Rolling up the scroll, he carried it to the raven tent, hoping it would be in time, and returned to his own tent to roll up in his blankets and shiver and try not to think about what kind of trouble Bianca was likely to be getting herself into.

*****

Rosalind leaned back wearily in her chair, letting the sounds of the tavern wash over her. Reactions to her choice to let the mages join the Inquisition as allies had been ... strong, to say the least. Leliana had bluntly told her she'd made enemies. But what else could she have done? The mages were her people. They had sent her—a mage—to do a specific job—to get mages for the Inquisition. She had done so. Anyone who thought she would do it by forcing them into some kind of servitude hadn't been thinking clearly, in her opinion.

Eventually, the leadership had come around, and now they were busy studying everything she had learned in that horrific future Redcliffe, trying to make sure it never came to pass. Meanwhile, Rosalind had to go soon and close the Breach, and she was so tired.

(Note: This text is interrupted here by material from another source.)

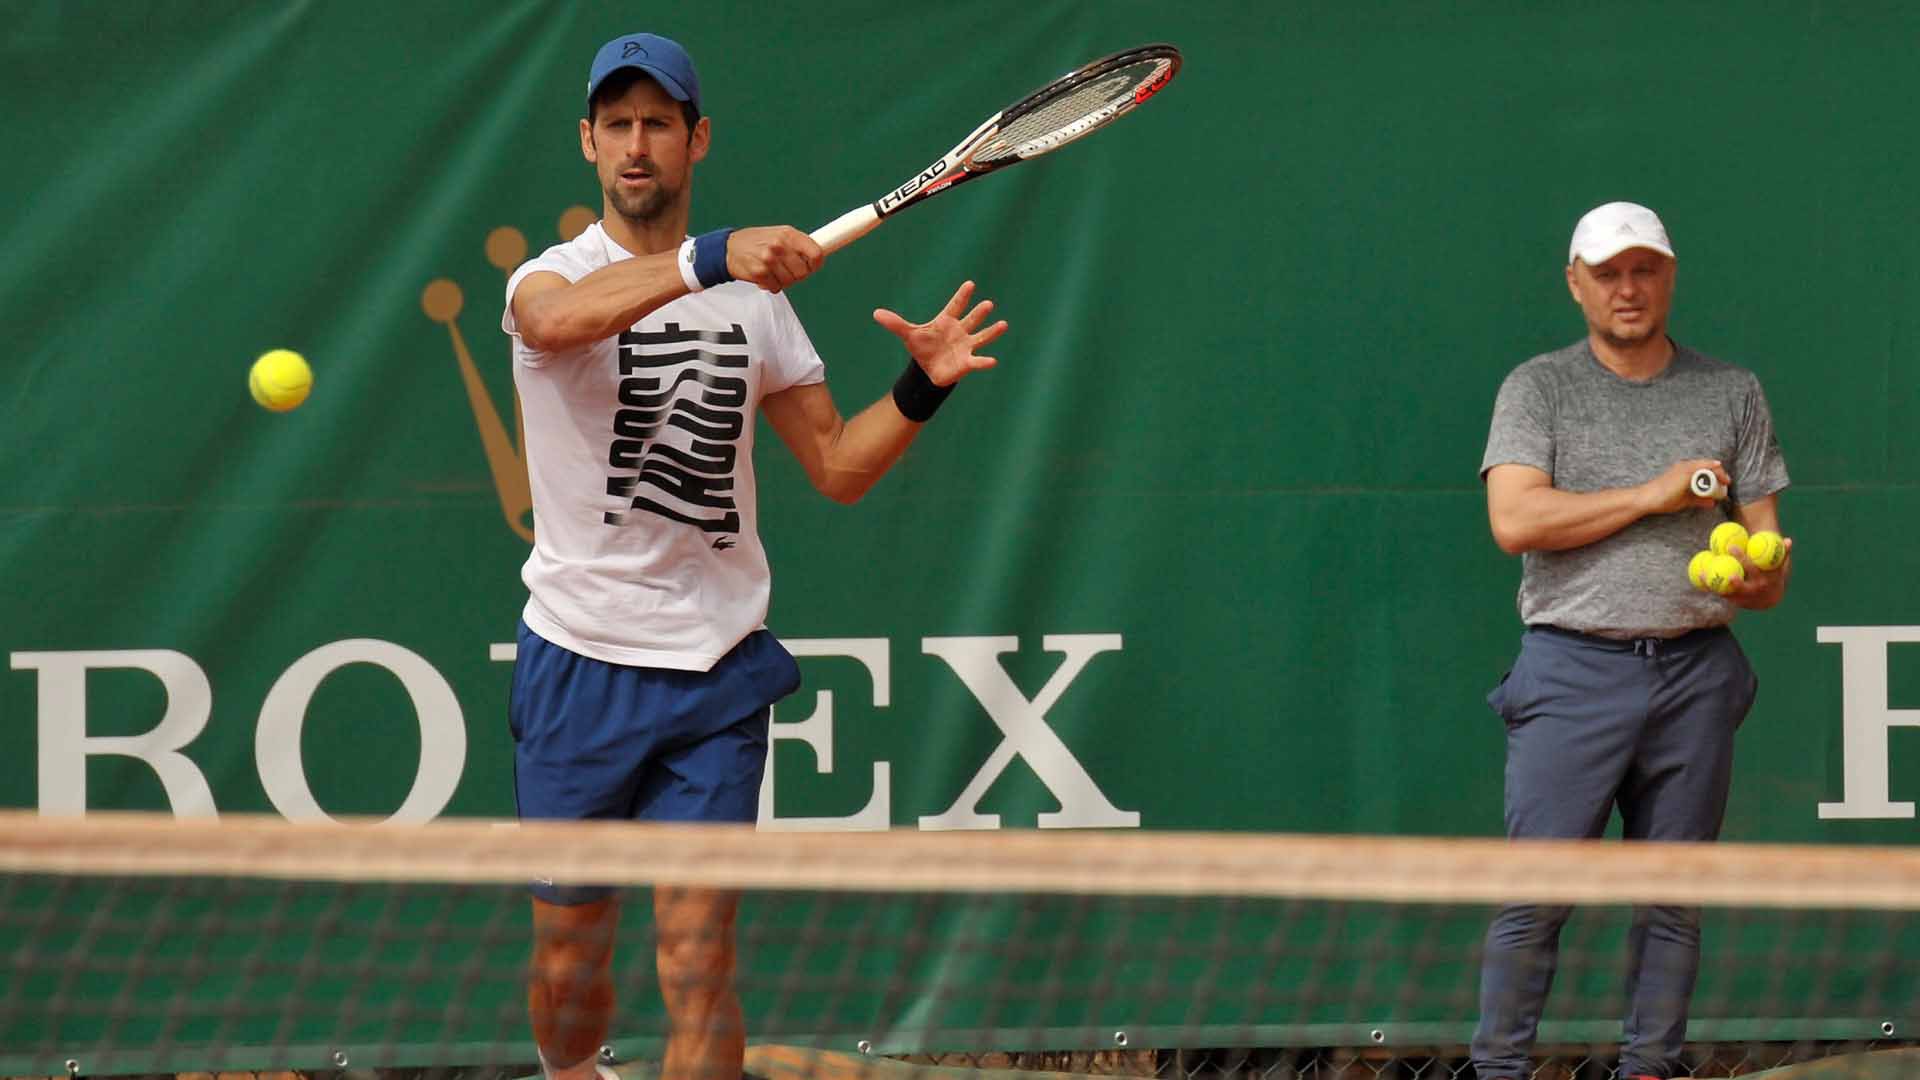 HÌNH ẢNH: HLV Vajda đã trở lại, nhưng ''phép màu'' chưa đến với Djokovic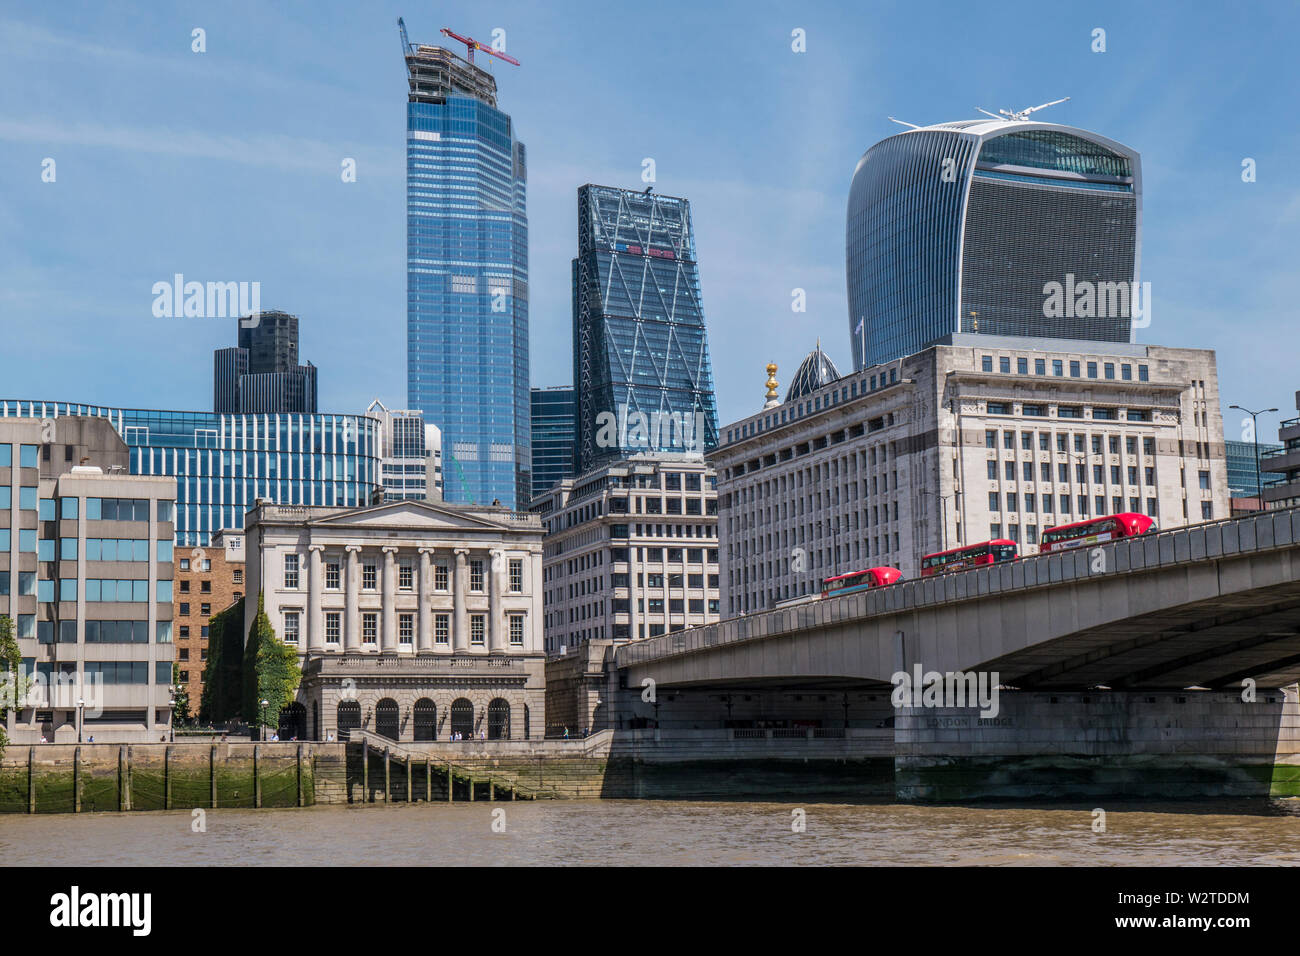 Le Pont de Londres avec Red bus menant à la ville de Londres les bâtiments financiers architecture ancienne et nouvelle. Gratte-ciel Skyline et la construction d'immeubles de bureaux dans la ville de Londres. Vue sur la ville d'immeubles de grande hauteur vue à partir de la Tamise Londres Banque D'Images

The Iron Bull folded his arms, looking at her in admiration, and a little bit of concern. It had taken courage to do what she did—courage, and an instinctive understanding that people fought better when they had a stake in what they were fighting for. The mages would fight now to their last breath, for a better life. For freedom. He didn't love mages, himself—too many saarebas in his past—and he understood the explosive anger that had come from Cullen, the vivid images of abominations run rampant that he could practically see hanging over the Commander's head. But the Iron Bull had been in the south long enough to know that not all mages abused their power ... and many who did, chose to only in extremity.

"Come on," he said abruptly, rising to his feet and reaching a hand down for her. "You need sleep."

"What? Oh. You're right, I probably do." Rosalind avoided his hand but stood up anyway.

The Iron Bull let her precede him, both of them nodding at Dorian as they left. "So, that Tevinter guy sent you into the future?" he asked as the door of the tavern closed behind them.

Not particularly wanting to talk about that, Rosalind smiled up at him. Flirtation often sidetracked people, in her experience. "If you're worried about magic, I can protect you."

He chuckled, enjoying her attempt at manipulation. "My blade pretty much protects me."

"Perhaps I can do things your blade can't."

"I don't know ... it has blood grooves." He tried to ignore the way his heartrate had sped up at her words or the undeniable temptation to find out what she could do for himself. It wasn't the time for that. Not yet.

"Is it true that Qunari don't mate?" The question seemed to have tumbled forth of its own volition.

The Iron Bull laughed outright. "I mean, yeah, we don't have sex with our friends, but we have tamassrans who are willing to pop your cork whenever you need it. Like ... I don't know, going to see a healer? Sometimes it's this long, involved thing, takes all day, leaves you walking funny, other times you're in and out in five minutes. 'Thank you, see you next week!'" And he'd have loved to have tried both with her right now.

Rosalind stopped and looked up at him. The shoulders, the horns, the narrow angular face, the way that single grey eye could be steel or stone or sky ... "So you've never truly made love?" she whispered. "Never truly connected in body and soul?"

He had not. He'd never even considered wanting something like that ... until right now. Here in the moonlight, in this icy village on the edge of nowhere, he ached for her warmth.

With an effort, he pulled himself away before he could reach for her. "Sleep well," he said gruffly.

As if she could, she thought, watching him walk away. Still ... he'd given her much more interesting things to think about than that horrifying future she'd glimpsed at Redcliffe, or the unknown terrors associated with closing the Breach. And for that, she was grateful.